Sure, Biden will toss out a tweet tacitly supporting the protests or pretending that he can unify the country, but because of the rampant media bias, in none of his recent interviews has he been pressed on the BLM movement, nor the issues they are pushing. He’s been essentially ignoring the group.
“There is a conversation that’s going on on Twitter that they don’t care about,” one Democratic strategist observed. “They won the primary by ignoring all of that. The Biden campaign does not care about the critical race theory-intersectional left that has taken over places like the New York Times. You can be against chokeholds and not believe in white fragility. You can be for reforming police departments and don’t necessarily have to believe that the United States is irredeemably racist.”
There are two questions here. One, can Biden keep this up to try to preserve his credibility with moderates? But two, and perhaps more importantly, does he actually shun critical race theory intersectionalism?
I have my doubts about both. As we saw in 2016 with Hillary Clinton, you simply can’t hide from these radicals forever. They will find you, and eventually Biden is going to be in public again. It may be for a TV hit or what is supposed to be a small gathering, but BLM protestors will end up going after him. They do not care about electoral calculations or harming their own side (which one presumes is anyone but Trump). These are zealots, formulating their rage around a secular religion. They won’t just shrug if you ignore them.

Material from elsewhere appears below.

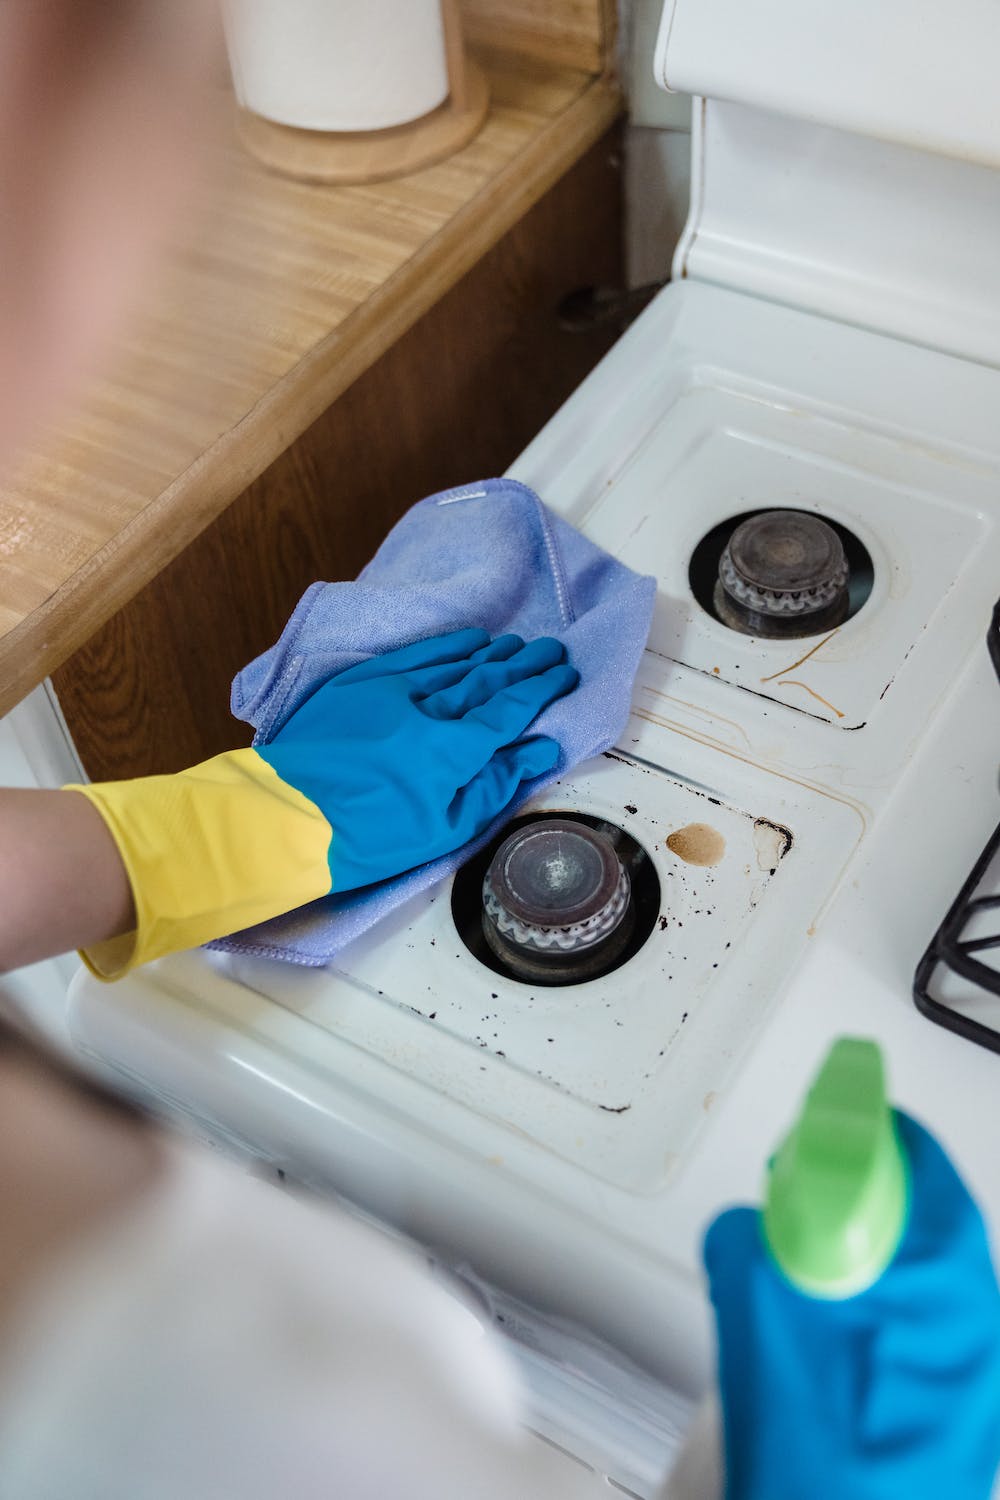 The Therapeutic Side of Cleaning: Mental Health Benefits for Refugees

Biden is going to have to address these issues sooner rather than later. We know he doesn’t want to defund the police, though he’ll likely try to escape that by talking about “re-imagining” policing, which is nothing but code for the destruction of police departments with a bunch of imaginary, magical social workers. But what’s his position on ripping down statues of George Washington? Reparations? Cash Bail Reform? It’s amazing that he’s went this long without having to fully answer those questions and it can’t last forever. It may take until the debates, but Trump is going to make him take a side.
Lastly, I’m skeptical he’s actually against intersectionalism. I think he’s against it now because he sees that as a path to election, but what part of his campaign team makes anyone think Biden is a moderate? What happens after he picks someone like Kamala Harris or Val Demmings as his VP, both of which are very much into intersectionalism? This idea, which is being falsely spread by some conservatives as well, that Biden’s politics are “normal” eschews his history and the present. Biden is not normal. He’s a forty year, far-left fixture who took pride in being labeled one of “the most liberal” Senators. He’s embraced the Green New Deal, wants to a public option, wants to raise taxes, and is for abortion until birth.
In short, I don’t think Biden can keep hiding from the BLM movement, nor do I think he actually disagrees with them. I think he’s just doing his best to win the election at this point, which is to be expected. In the end, he’s going to be doing BLM’s bidding. Voters should take that into account and not buy into the current mirage.